■ PROBLEM STATEMENT ■
Lines from the one containing "SDF forces in al-Hol camp (Photo: SDF Press)" through the end of the listing are what is wanted, given again exactly with both ends included and pictures left out.

■ DATA SECTION ■
Segment Open

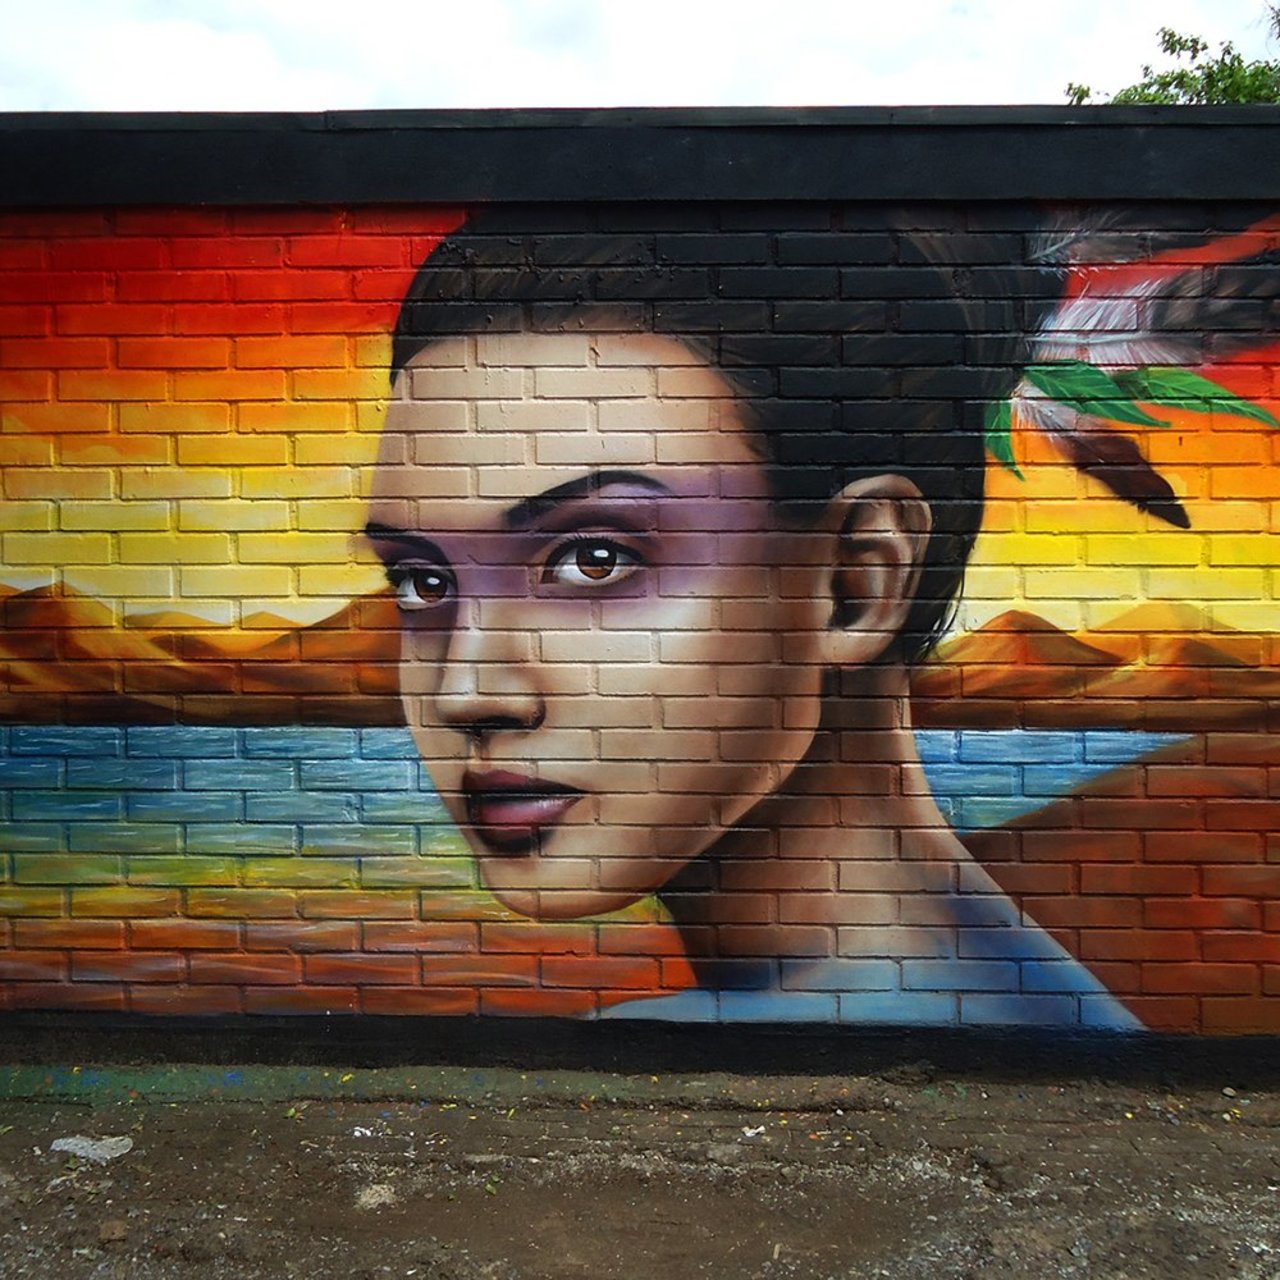 #graffiti #mural #mujer #indigena #streetart #artegrafia #hacrew #artecallejero #puentealto #santiago #chile https://t.co/l9KPBEYYt6
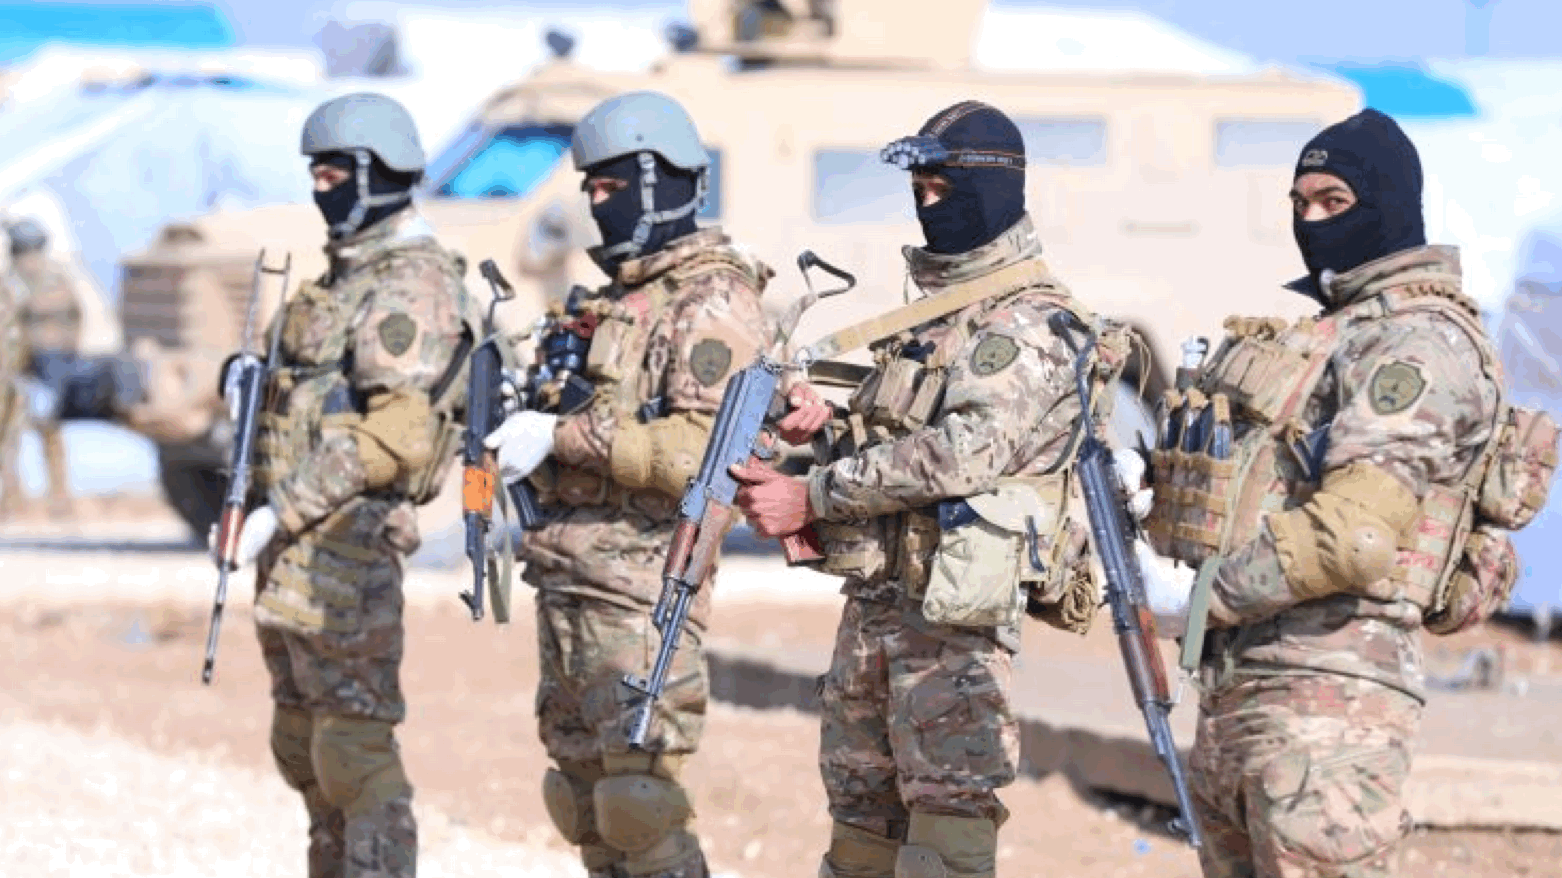 SDF forces in al-Hol camp (Photo: SDF Press)
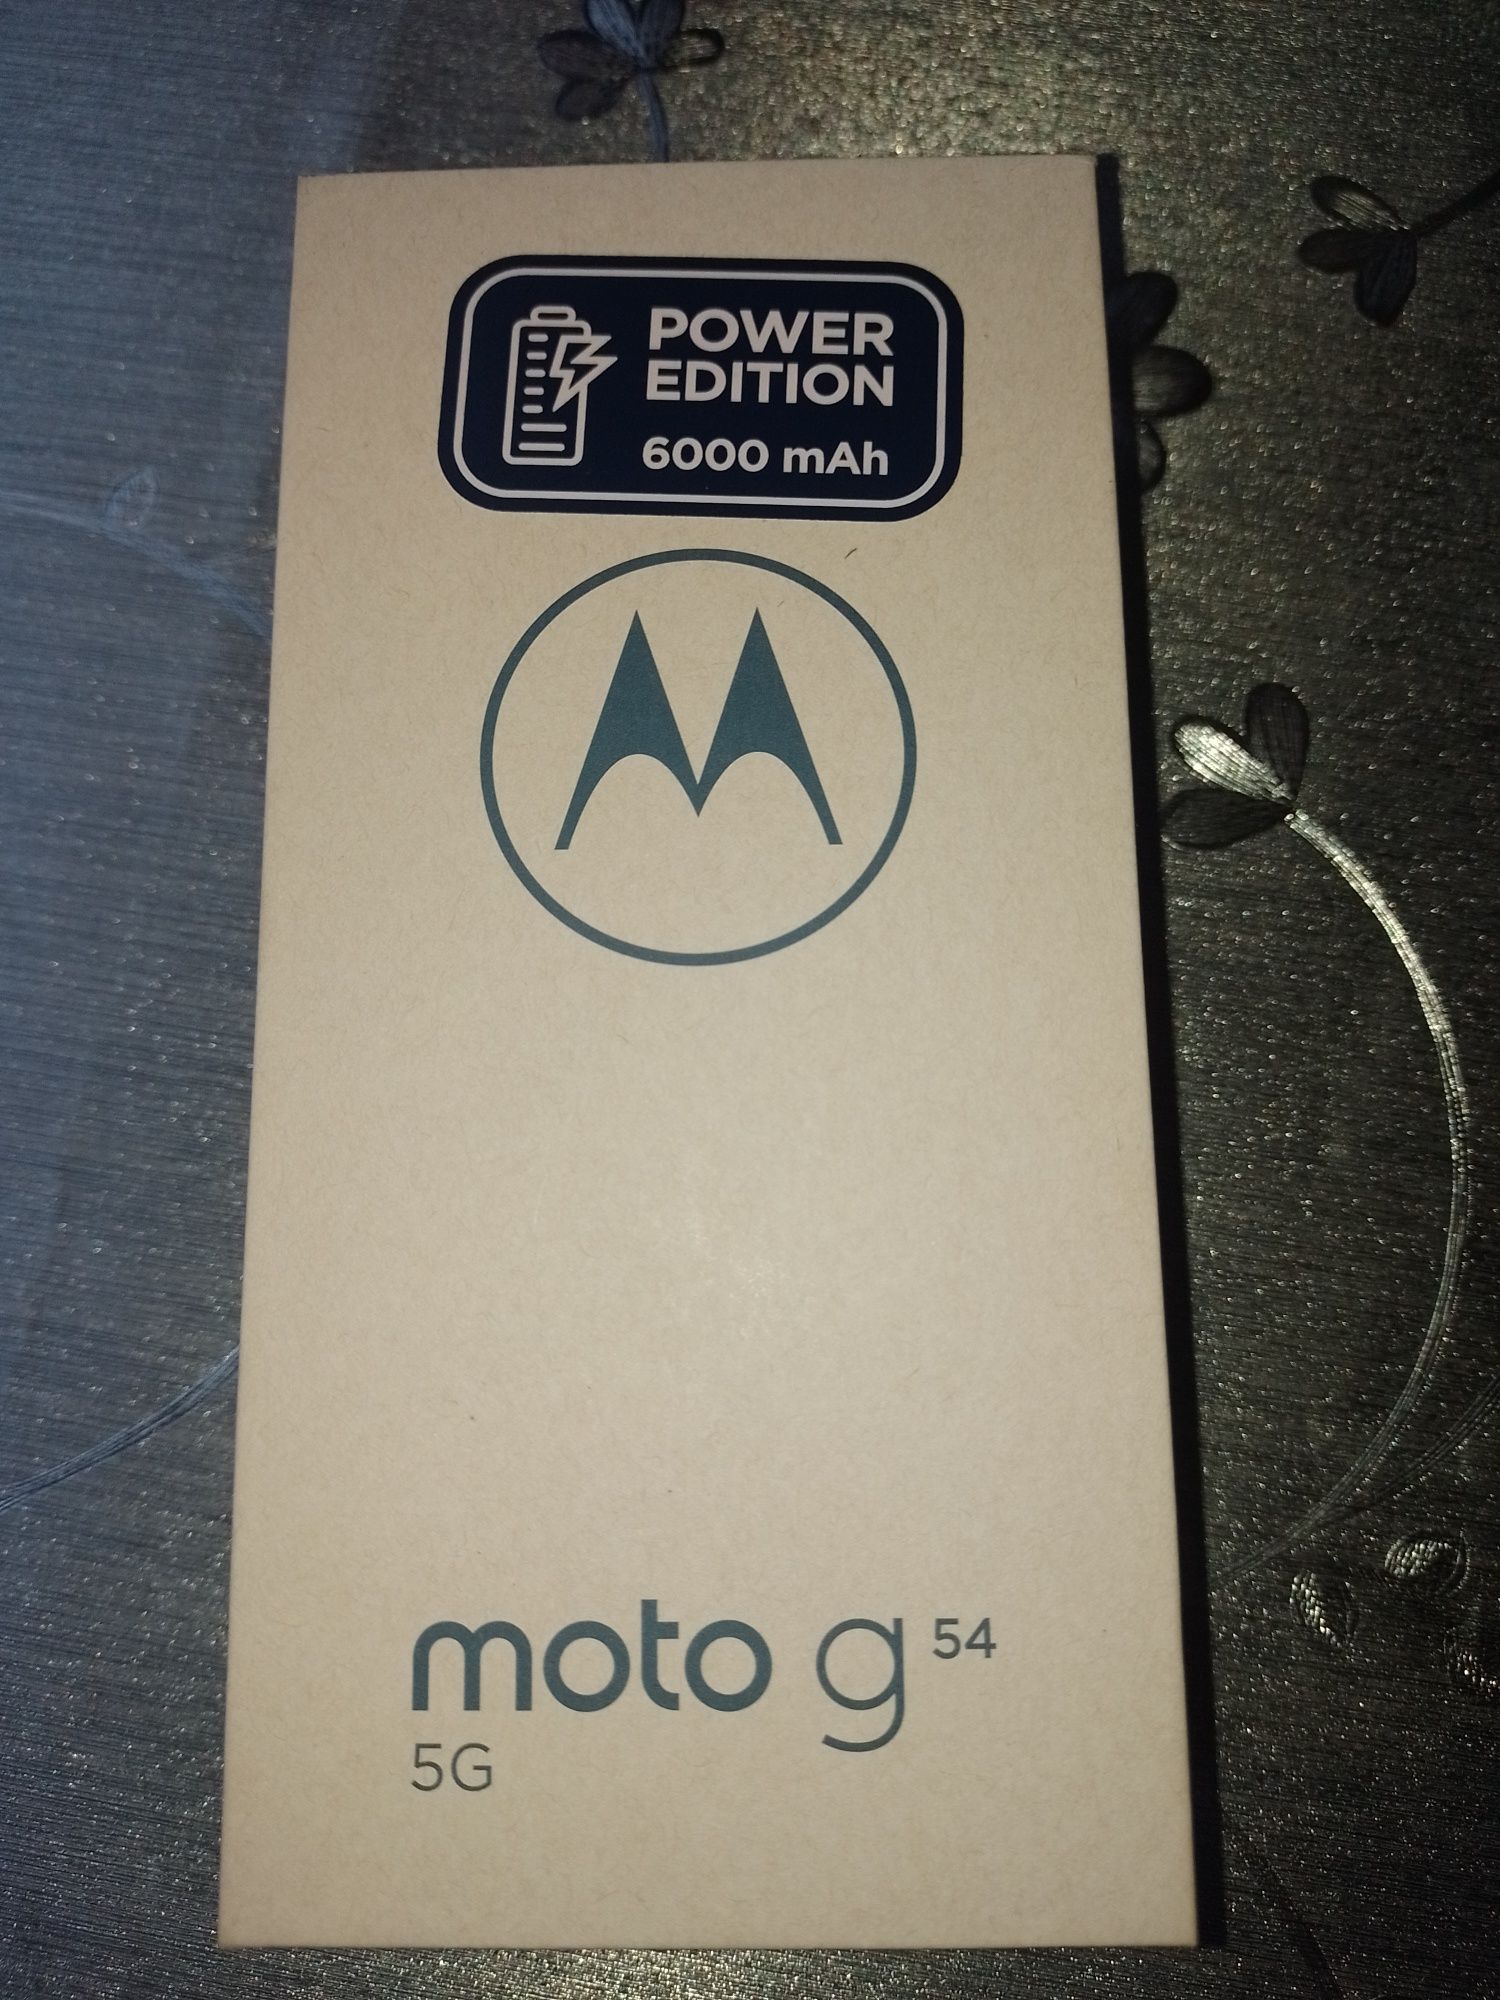 Motorola g54 5g power edition

Segment Closed

■ YOUR SOLUTION ■
 SDF forces in al-Hol camp (Photo: SDF Press)
 Motorola g54 5g power edition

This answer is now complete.